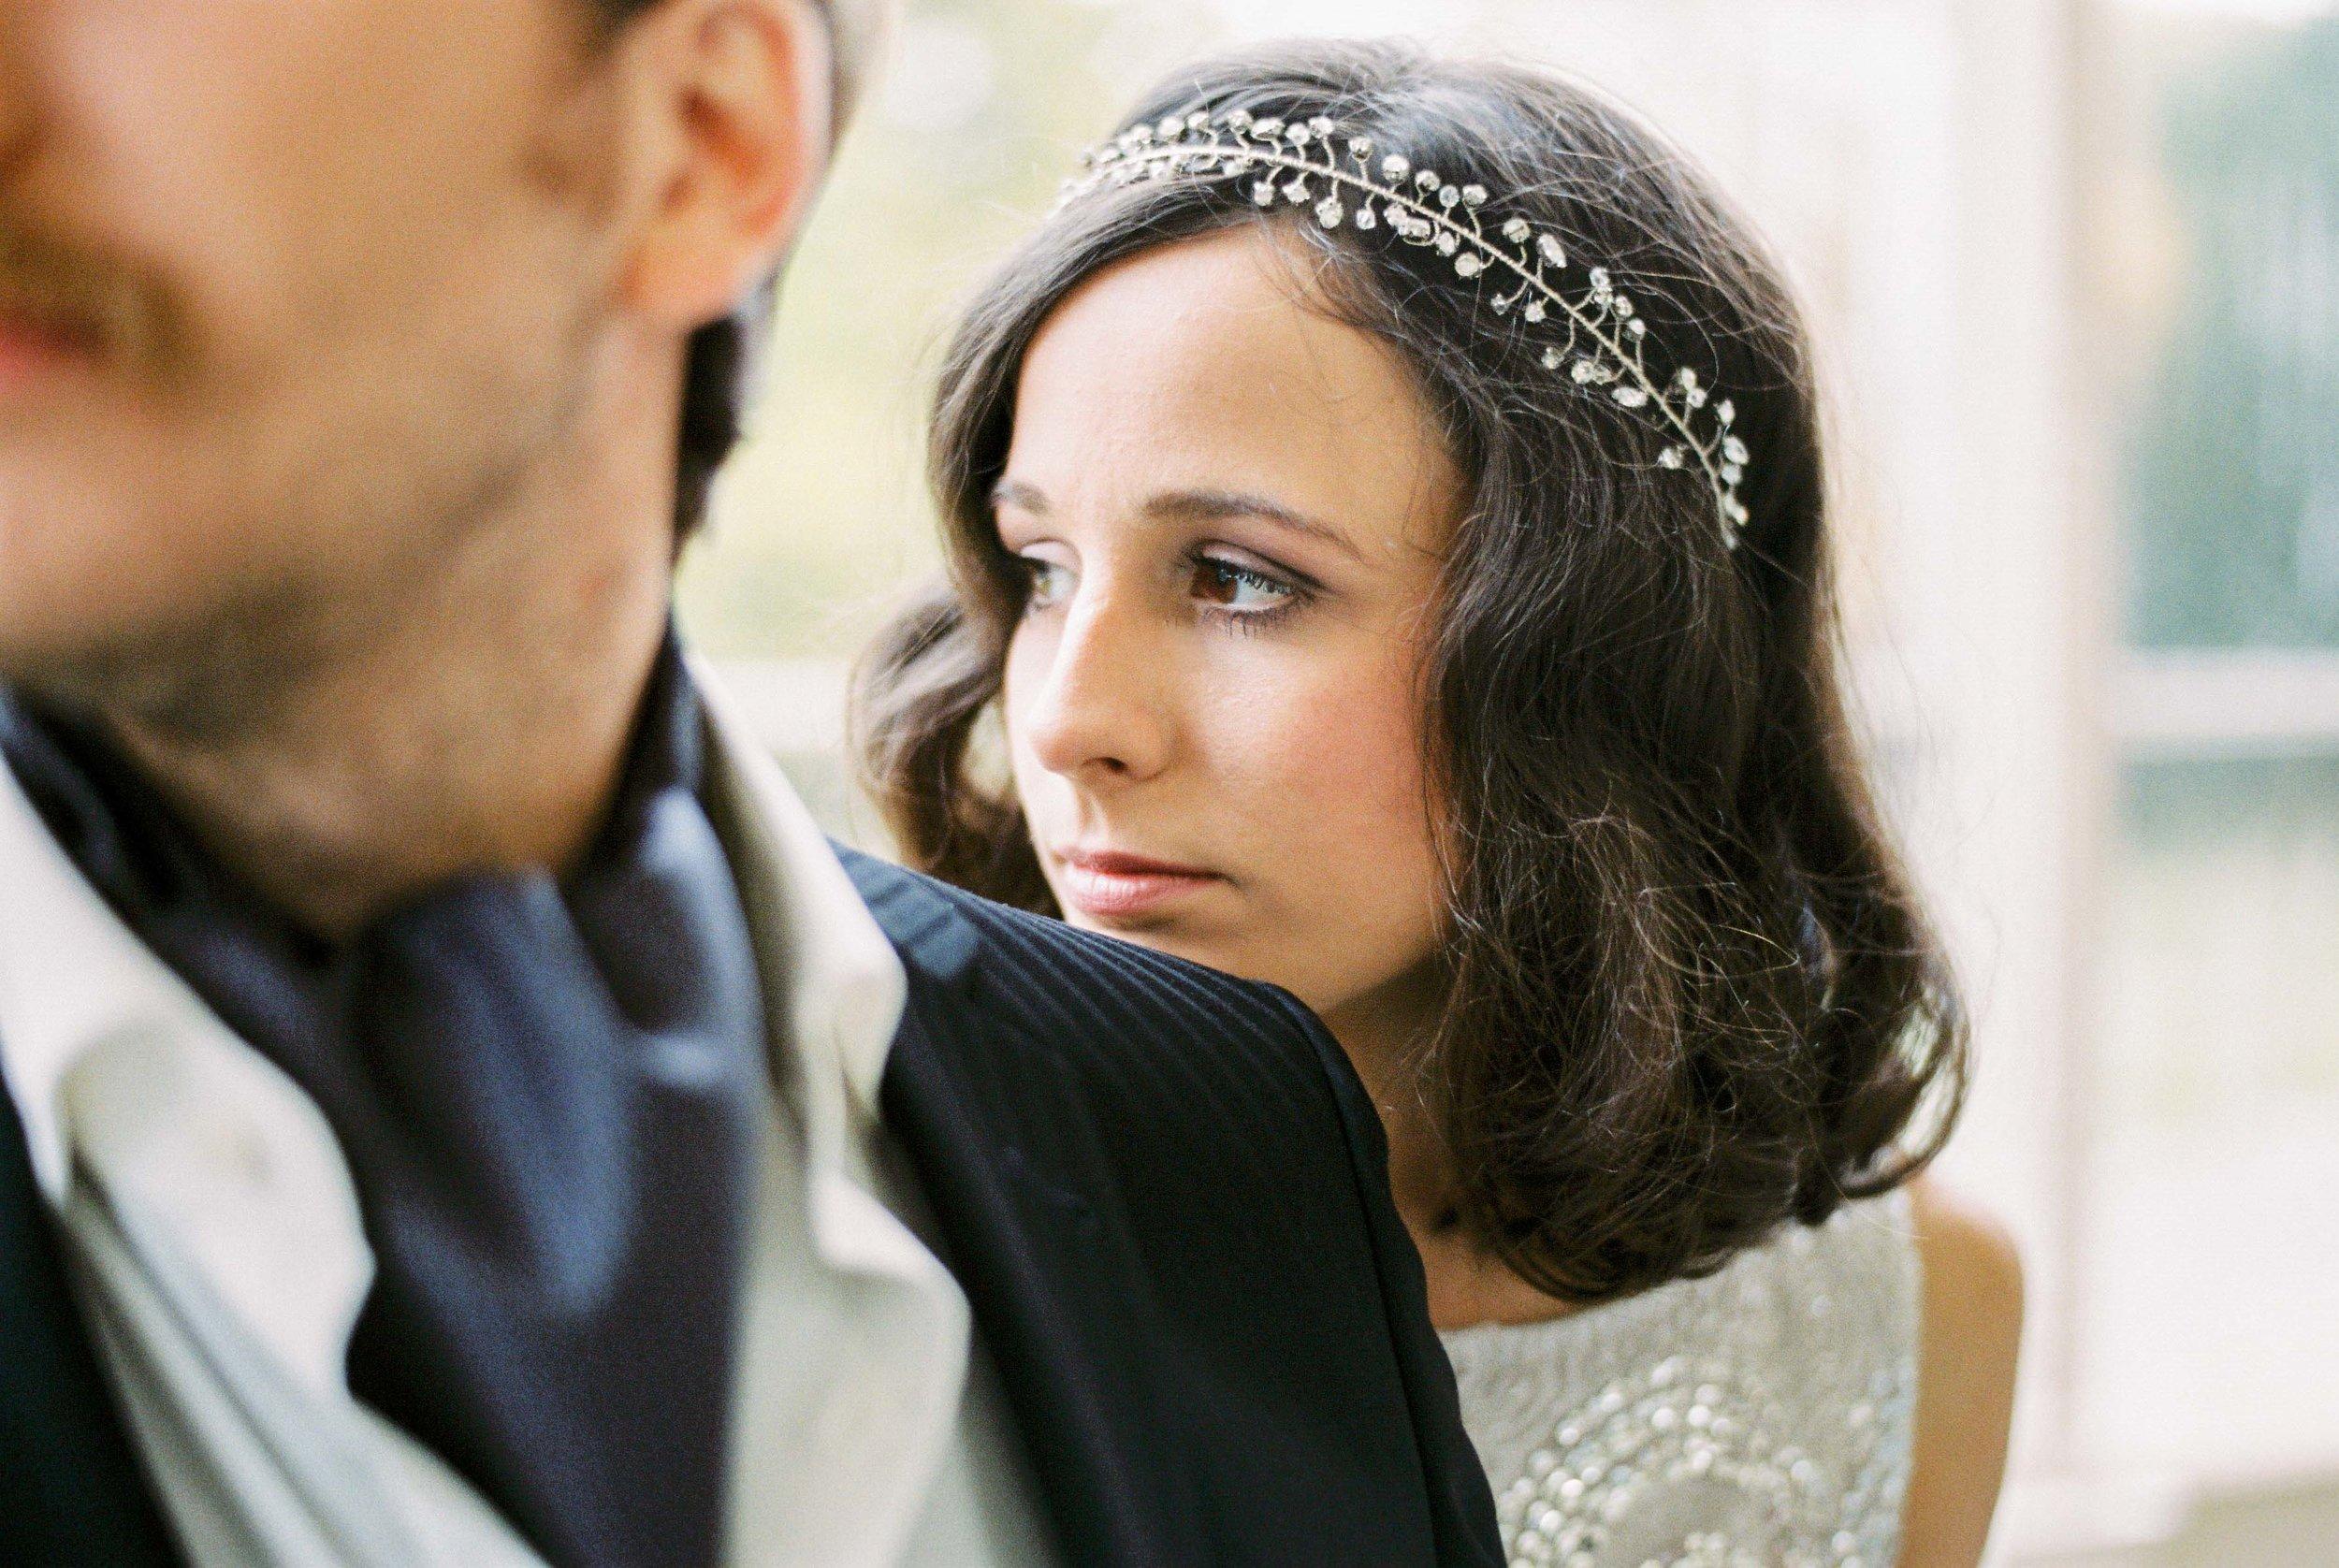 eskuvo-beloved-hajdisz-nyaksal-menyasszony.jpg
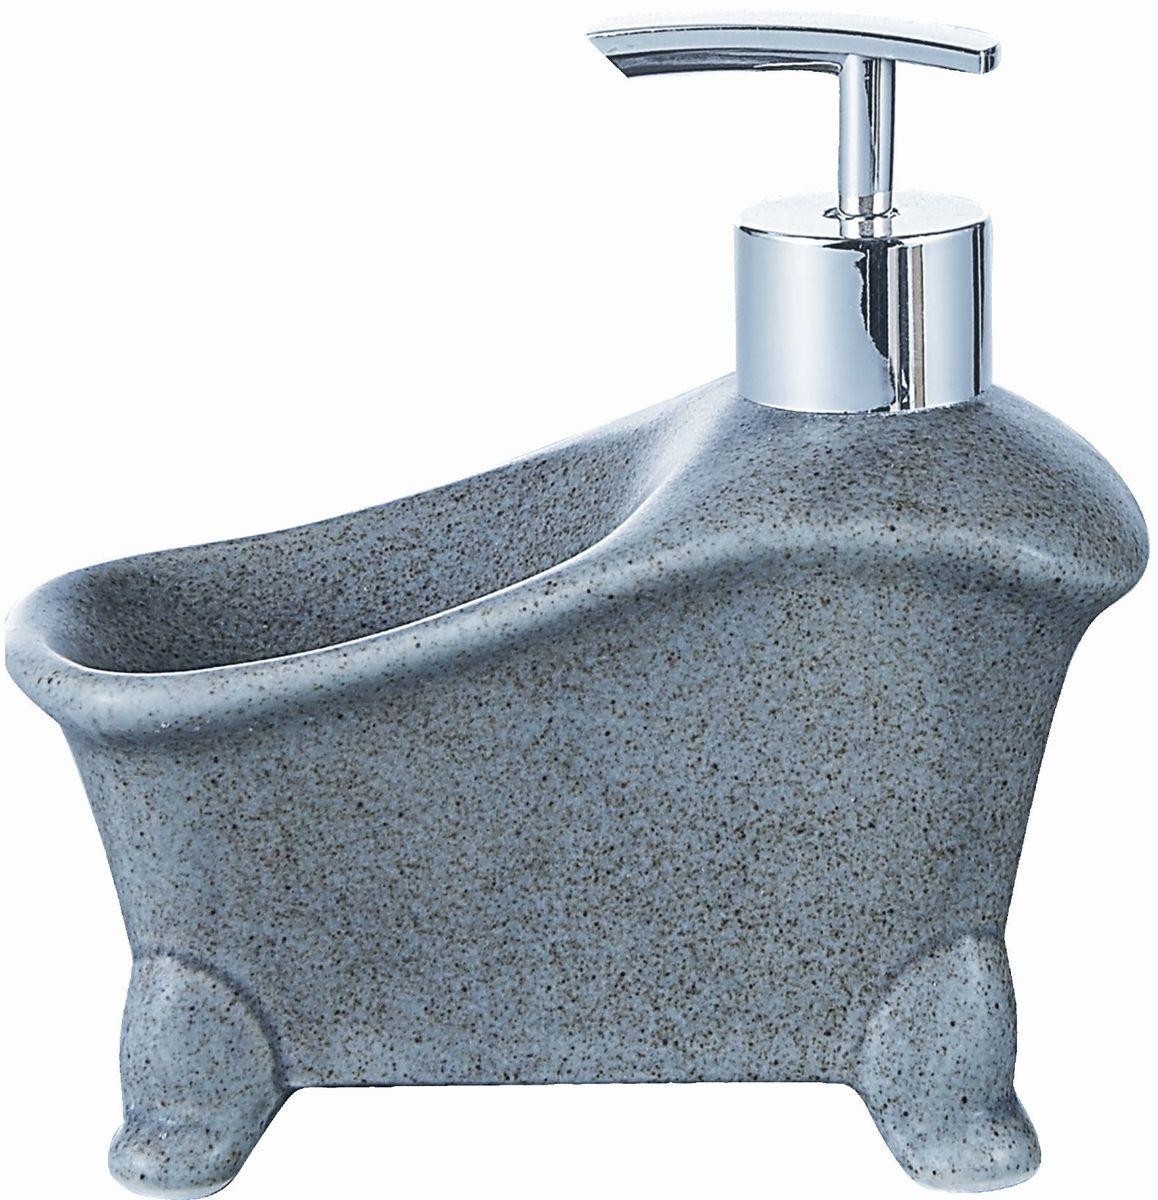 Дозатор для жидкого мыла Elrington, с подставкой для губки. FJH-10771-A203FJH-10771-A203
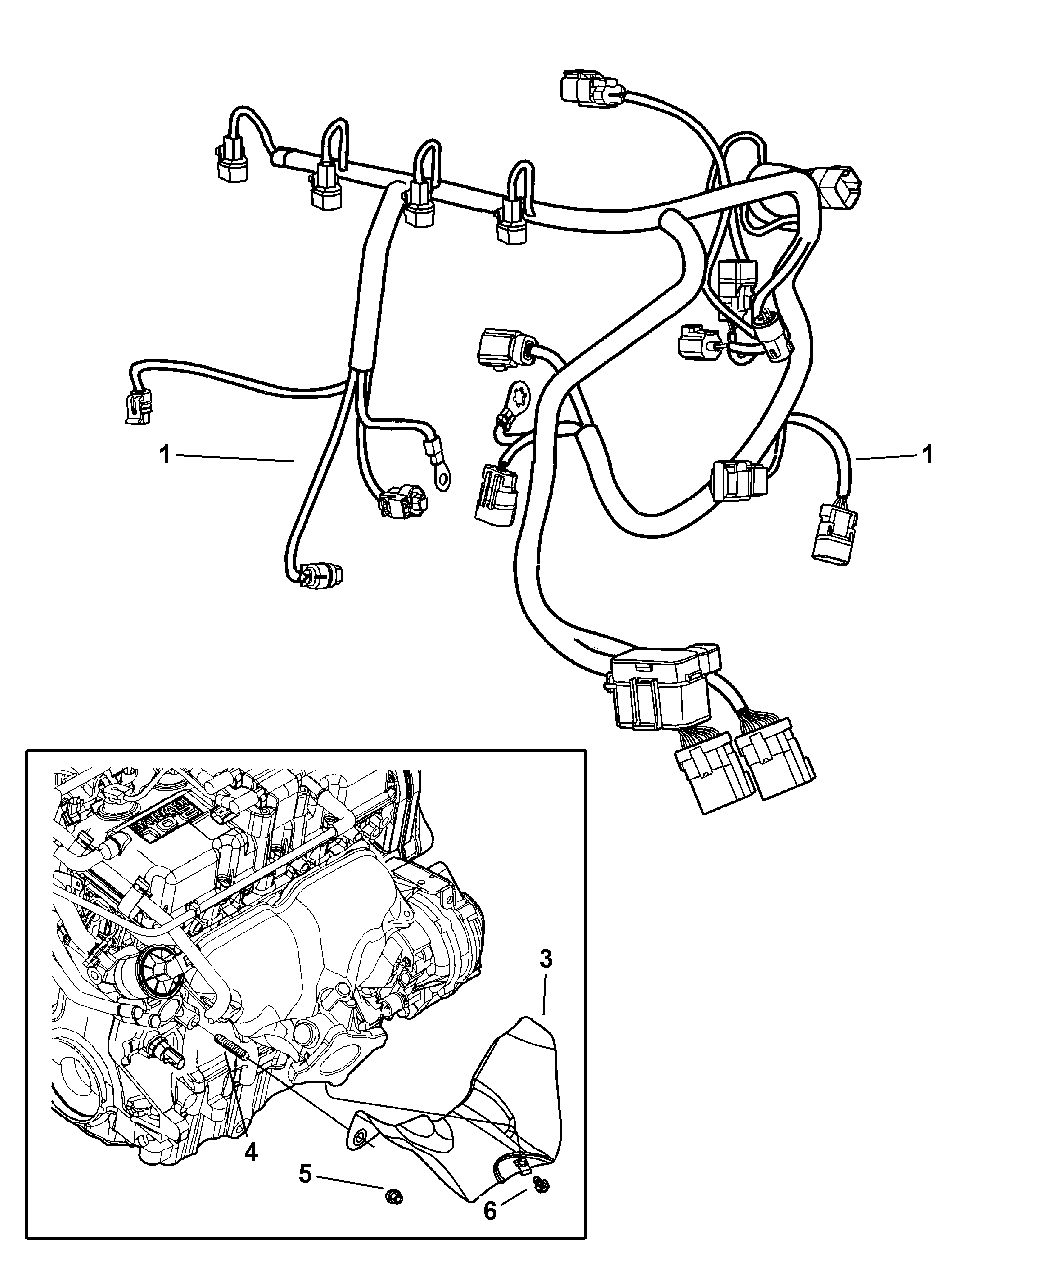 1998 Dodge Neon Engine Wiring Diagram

## Work instructions:
Retype the material in full, exactly as written, and exclude the pictures.

## Response for this exercise:
 eskuvo-beloved-hajdisz-nyaksal-menyasszony.jpg
 Дозатор для жидкого мыла Elrington, с подставкой для губки. FJH-10771-A203FJH-10771-A203
 1998 Dodge Neon Engine Wiring Diagram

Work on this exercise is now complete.